For a tile managing V_local vertices and E_local edges:
| Component | Current Size | With Cactus | Delta |
|-----------|-------------|-------------|-------|
| CompactGraph | ~42KB | ~42KB | 0 |
| CactusGraph | 0 | ~4KB (V_local ≤ 256) | +4KB |
| CanonicalState | 0 | ~512B | +512B |
| EvidenceAccumulator | ~2KB | ~2KB | 0 |
| TileState | ~1KB | ~1KB | 0 |
| **Total** | **~45KB** | **~49.5KB** | **+4.5KB** |
| **Remaining** | **~19KB** | **~14.5KB** | — |
**Verdict**: Fits within 64KB budget with 14.5KB headroom for stack and control flow.

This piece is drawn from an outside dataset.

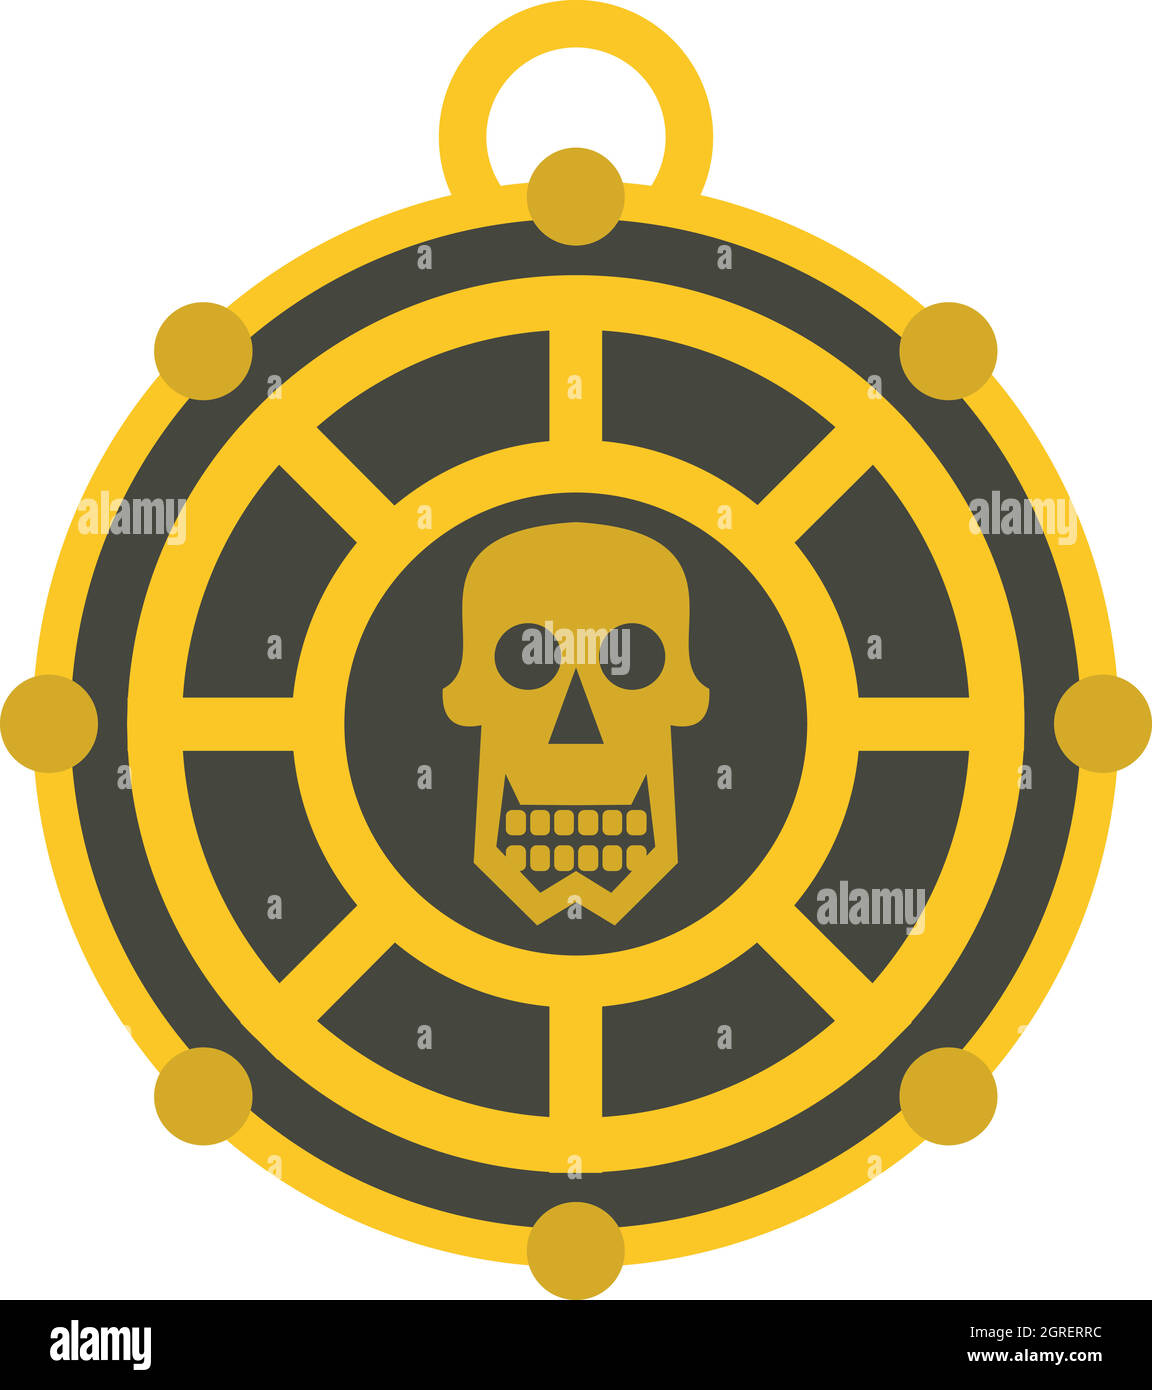 Crâne humain, icône médaillon aztèque style plat Illustration de Vecteur

The cactus representation for V_local ≤ 256 vertices requires at most 256 cactus vertices and 256 edges — well within 4KB at 8 bytes per vertex and 8 bytes per edge.
---
## 5. Theoretical Analysis
### 5.1 Complexity Comparison
| Algorithm | Time (static) | Time (dynamic update) | Deterministic Output | Space |
|-----------|--------------|----------------------|---------------------|-------|
| Karger contraction | O(m log³ n) | N/A | No | O(n²) |
| Stoer-Wagner | O(mn + n² log n) | N/A | Yes | O(n²) |
| Current ruvector-mincut | O(n^{o(1)}) amortized | O(n^{o(1)}) | No | O(m) |
| Pseudo-deterministic | O(m log² n) | O(polylog n) | Yes (w.h.p.) | O(m + n) |
### 5.2 Correctness Guarantees
The pseudo-deterministic algorithm guarantees:
1. **Canonical consistency**: For any graph G, the algorithm outputs the same canonical cut c*(G) with probability ≥ 1 - 1/n³
2. **Value correctness**: The canonical cut always has minimum weight: w(c*(G)) = λ(G) with probability 1 (the value is always correct; only the specific partition is canonical)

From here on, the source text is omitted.